====== Information given
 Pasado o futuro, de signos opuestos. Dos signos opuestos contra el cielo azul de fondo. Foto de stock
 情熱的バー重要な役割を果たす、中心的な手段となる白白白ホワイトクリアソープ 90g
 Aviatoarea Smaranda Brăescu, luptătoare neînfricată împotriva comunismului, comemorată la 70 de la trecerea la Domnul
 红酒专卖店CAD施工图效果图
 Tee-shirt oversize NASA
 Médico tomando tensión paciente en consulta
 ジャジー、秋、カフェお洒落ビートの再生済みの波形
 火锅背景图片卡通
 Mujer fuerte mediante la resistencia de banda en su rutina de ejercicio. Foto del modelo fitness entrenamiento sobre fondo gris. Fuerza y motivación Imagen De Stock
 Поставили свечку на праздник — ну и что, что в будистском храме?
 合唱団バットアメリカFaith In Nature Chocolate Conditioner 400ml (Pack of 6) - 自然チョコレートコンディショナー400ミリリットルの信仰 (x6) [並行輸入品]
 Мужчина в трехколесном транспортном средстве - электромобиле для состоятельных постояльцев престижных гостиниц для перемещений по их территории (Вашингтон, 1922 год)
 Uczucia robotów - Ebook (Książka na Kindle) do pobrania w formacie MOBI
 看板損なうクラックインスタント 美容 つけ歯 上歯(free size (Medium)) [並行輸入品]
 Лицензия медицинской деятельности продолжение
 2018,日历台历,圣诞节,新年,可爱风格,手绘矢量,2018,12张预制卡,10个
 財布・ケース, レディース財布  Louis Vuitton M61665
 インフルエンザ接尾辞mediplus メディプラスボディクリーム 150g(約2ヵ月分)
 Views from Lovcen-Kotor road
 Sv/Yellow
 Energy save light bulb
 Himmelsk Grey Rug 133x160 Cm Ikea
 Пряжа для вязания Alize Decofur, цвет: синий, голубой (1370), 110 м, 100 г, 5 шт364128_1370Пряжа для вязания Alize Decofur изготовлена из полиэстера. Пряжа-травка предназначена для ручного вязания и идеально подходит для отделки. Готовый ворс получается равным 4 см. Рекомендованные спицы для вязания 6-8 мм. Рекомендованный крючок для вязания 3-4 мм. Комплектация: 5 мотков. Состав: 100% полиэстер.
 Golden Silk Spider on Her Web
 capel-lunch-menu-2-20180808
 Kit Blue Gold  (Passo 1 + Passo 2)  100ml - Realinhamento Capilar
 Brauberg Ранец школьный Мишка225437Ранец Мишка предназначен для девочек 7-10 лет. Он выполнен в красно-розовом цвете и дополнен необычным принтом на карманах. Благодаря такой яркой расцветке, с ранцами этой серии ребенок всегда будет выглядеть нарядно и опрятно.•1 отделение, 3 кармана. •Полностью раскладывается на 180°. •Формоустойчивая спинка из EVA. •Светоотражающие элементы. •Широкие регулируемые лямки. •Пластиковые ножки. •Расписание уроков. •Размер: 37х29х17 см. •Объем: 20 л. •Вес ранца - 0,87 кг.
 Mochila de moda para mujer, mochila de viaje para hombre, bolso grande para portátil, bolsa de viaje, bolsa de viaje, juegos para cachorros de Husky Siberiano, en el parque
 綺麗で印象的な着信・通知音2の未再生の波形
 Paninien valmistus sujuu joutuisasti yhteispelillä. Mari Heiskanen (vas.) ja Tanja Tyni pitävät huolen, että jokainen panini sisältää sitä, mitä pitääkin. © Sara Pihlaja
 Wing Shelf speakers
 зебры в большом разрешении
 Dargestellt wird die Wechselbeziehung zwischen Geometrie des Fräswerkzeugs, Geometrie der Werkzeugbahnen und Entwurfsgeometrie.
============
**What you need to do**. Would you transcribe every entry exactly, leaving nothing out?

**Task output**.
 Pasado o futuro, de signos opuestos. Dos signos opuestos contra el cielo azul de fondo. Foto de stock
 情熱的バー重要な役割を果たす、中心的な手段となる白白白ホワイトクリアソープ 90g
 Aviatoarea Smaranda Brăescu, luptătoare neînfricată împotriva comunismului, comemorată la 70 de la trecerea la Domnul
 红酒专卖店CAD施工图效果图
 Tee-shirt oversize NASA
 Médico tomando tensión paciente en consulta
 ジャジー、秋、カフェお洒落ビートの再生済みの波形
 火锅背景图片卡通
 Mujer fuerte mediante la resistencia de banda en su rutina de ejercicio. Foto del modelo fitness entrenamiento sobre fondo gris. Fuerza y motivación Imagen De Stock
 Поставили свечку на праздник — ну и что, что в будистском храме?
 合唱団バットアメリカFaith In Nature Chocolate Conditioner 400ml (Pack of 6) - 自然チョコレートコンディショナー400ミリリットルの信仰 (x6) [並行輸入品]
 Мужчина в трехколесном транспортном средстве - электромобиле для состоятельных постояльцев престижных гостиниц для перемещений по их территории (Вашингтон, 1922 год)
 Uczucia robotów - Ebook (Książka na Kindle) do pobrania w formacie MOBI
 看板損なうクラックインスタント 美容 つけ歯 上歯(free size (Medium)) [並行輸入品]
 Лицензия медицинской деятельности продолжение
 2018,日历台历,圣诞节,新年,可爱风格,手绘矢量,2018,12张预制卡,10个
 財布・ケース, レディース財布  Louis Vuitton M61665
 インフルエンザ接尾辞mediplus メディプラスボディクリーム 150g(約2ヵ月分)
 Views from Lovcen-Kotor road
 Sv/Yellow
 Energy save light bulb
 Himmelsk Grey Rug 133x160 Cm Ikea
 Пряжа для вязания Alize Decofur, цвет: синий, голубой (1370), 110 м, 100 г, 5 шт364128_1370Пряжа для вязания Alize Decofur изготовлена из полиэстера. Пряжа-травка предназначена для ручного вязания и идеально подходит для отделки. Готовый ворс получается равным 4 см. Рекомендованные спицы для вязания 6-8 мм. Рекомендованный крючок для вязания 3-4 мм. Комплектация: 5 мотков. Состав: 100% полиэстер.
 Golden Silk Spider on Her Web
 capel-lunch-menu-2-20180808
 Kit Blue Gold  (Passo 1 + Passo 2)  100ml - Realinhamento Capilar
 Brauberg Ранец школьный Мишка225437Ранец Мишка предназначен для девочек 7-10 лет. Он выполнен в красно-розовом цвете и дополнен необычным принтом на карманах. Благодаря такой яркой расцветке, с ранцами этой серии ребенок всегда будет выглядеть нарядно и опрятно.•1 отделение, 3 кармана. •Полностью раскладывается на 180°. •Формоустойчивая спинка из EVA. •Светоотражающие элементы. •Широкие регулируемые лямки. •Пластиковые ножки. •Расписание уроков. •Размер: 37х29х17 см. •Объем: 20 л. •Вес ранца - 0,87 кг.
 Mochila de moda para mujer, mochila de viaje para hombre, bolso grande para portátil, bolsa de viaje, bolsa de viaje, juegos para cachorros de Husky Siberiano, en el parque
 綺麗で印象的な着信・通知音2の未再生の波形
 Paninien valmistus sujuu joutuisasti yhteispelillä. Mari Heiskanen (vas.) ja Tanja Tyni pitävät huolen, että jokainen panini sisältää sitä, mitä pitääkin. © Sara Pihlaja
 Wing Shelf speakers
 зебры в большом разрешении
 Dargestellt wird die Wechselbeziehung zwischen Geometrie des Fräswerkzeugs, Geometrie der Werkzeugbahnen und Entwurfsgeometrie.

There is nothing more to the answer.